Today is the first day of HIMSS 2018, a conference being held in Las Vegas in an exposition center in which the cheapest 10’ x 10’ booth costs $3,600 plus a $400 “booth listing fee” and attended by a number of people who speak frequently of the waste that is in healthcare. In the next four days, thousands of people will state that their technology is “EMR-agnostic”.

The first thing that comes to mind when I hear someone use the phrase “EMR-agnostic” is that they must not be very religious. According to Merriam-Webster, the definition of “agnostic” is:

  1. a person who holds the view that any ultimate reality (such as God) is unknown and probably unknowable;  broadly : one who is not committed to believing in either the existence or the nonexistence of God or a god; or 
  2. a person who is unwilling to commit to an opinion about something.  
In my experience, almost everyone who attends HIMSS is quite the opposite. Not only do they believe in EMRs, they are quite zealous in their belief. What they mean to say, or at least convince you they believe, is that they are EMR-neutral or perhaps EMR-impartial. Anyone who is truly EMR-agnostic is simply not paying attention. Anyone who is paying attention knows why politicians are not EMR atheists.

Unlike almost everyone at HIMSS, I am an EMR atheist – I don’t believe in EMRs, and I never have.

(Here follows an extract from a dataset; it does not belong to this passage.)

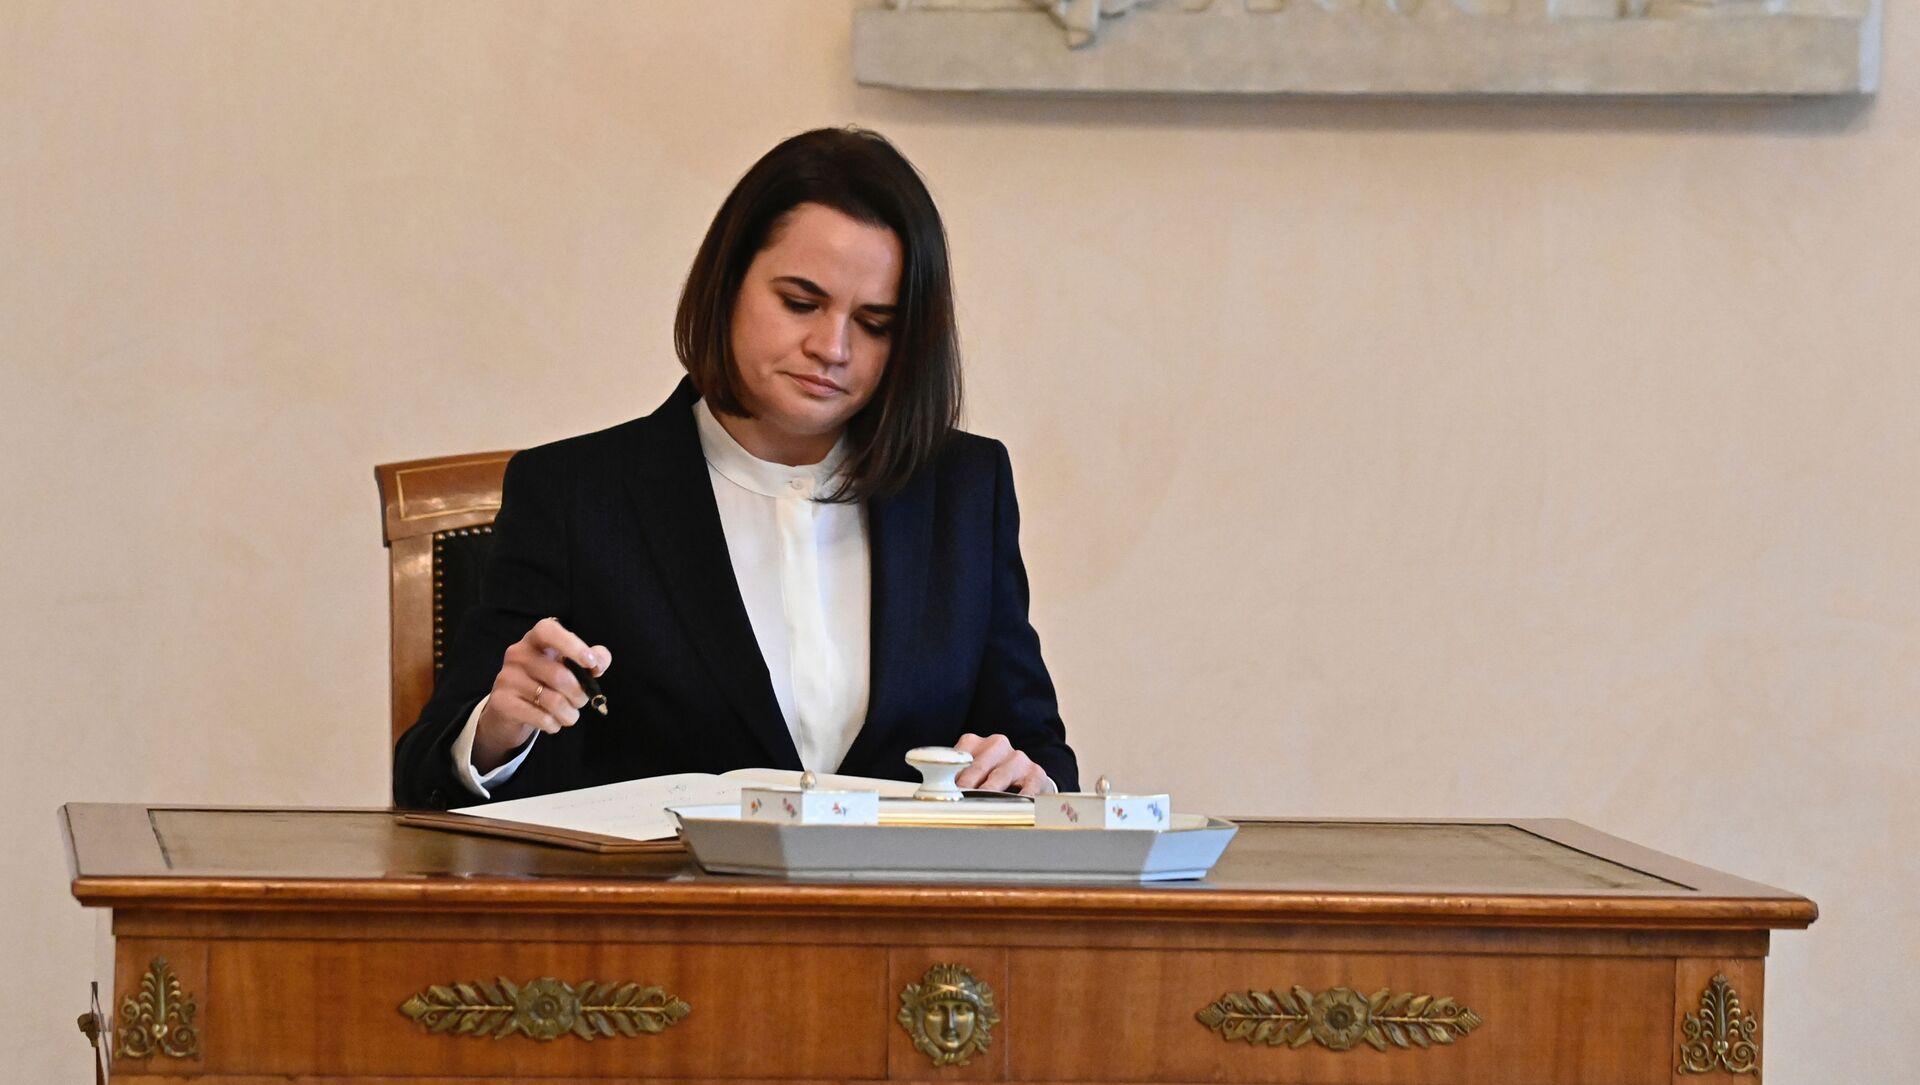 L'oppositrice bielorussa ed ex candidata alla presidenza Svetlana Tikhanovskaya - Sputnik Italia, 1920, 10.02.2021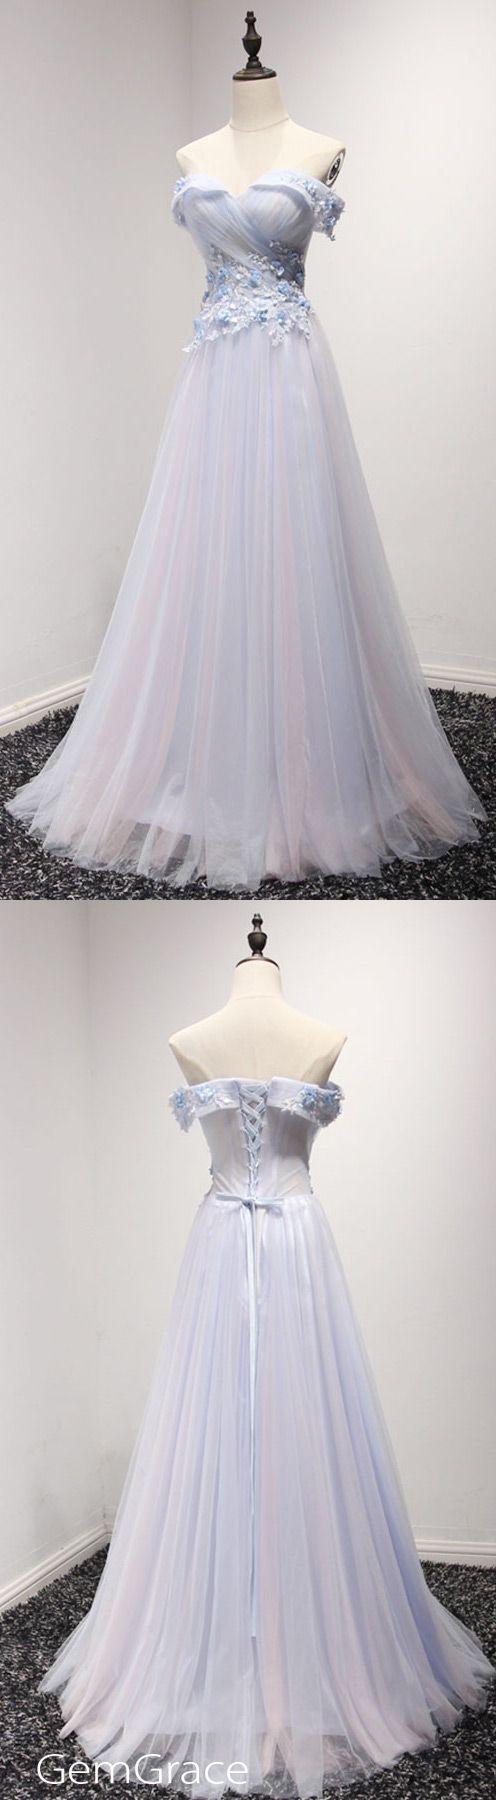 Elegantes Blau A Line Abendkleid Aus Der Schulter Lang Tüll Mit Applikationen Spitze # AY004 $ 169.99 – GemGrace.com

If 30% of spending in healthcare is actually wasteful, EMRs are largely to blame. Why? Because EMRs are not electronic medical records; they are simply billing systems. Only in healthcare does a system that is very specifically designed for one purpose masquerade as something else. Only in healthcare does a function like generating a bill get harder instead of easier over time. And no other industry is as beholden to its vendors as health systems are to EMR vendors.

Less than ten years ago, I could pay for a taxi with cash, or by letting the taxi driver swipe my card with the NBS Manual Credit Card Copy Machine Swiper Flatbed Imprinter Carbon Merchant. Today, my credit card is linked to my Uber account, or the taxi driver plugs a Square credit card reader into his phone, swipes my card, and sends me an electronic receipt before my feet hit the pavement.

What has healthcare done in the past ten years? Take a technology that was poorly designed for its essential purpose, i.e. generating a bill, and attempt to convert it into something completely different, i.e. a clinical decision support system. Lipstick on a pig is just that.

In a world of mobile payments, price transparency, telehealth, personalized medicine and soaring patient deductibles, something other than an EMR will become the system of record for healthcare transactions. When that day comes, all of us will benefit from more choice, knowledge and control over the most personal part of our lives.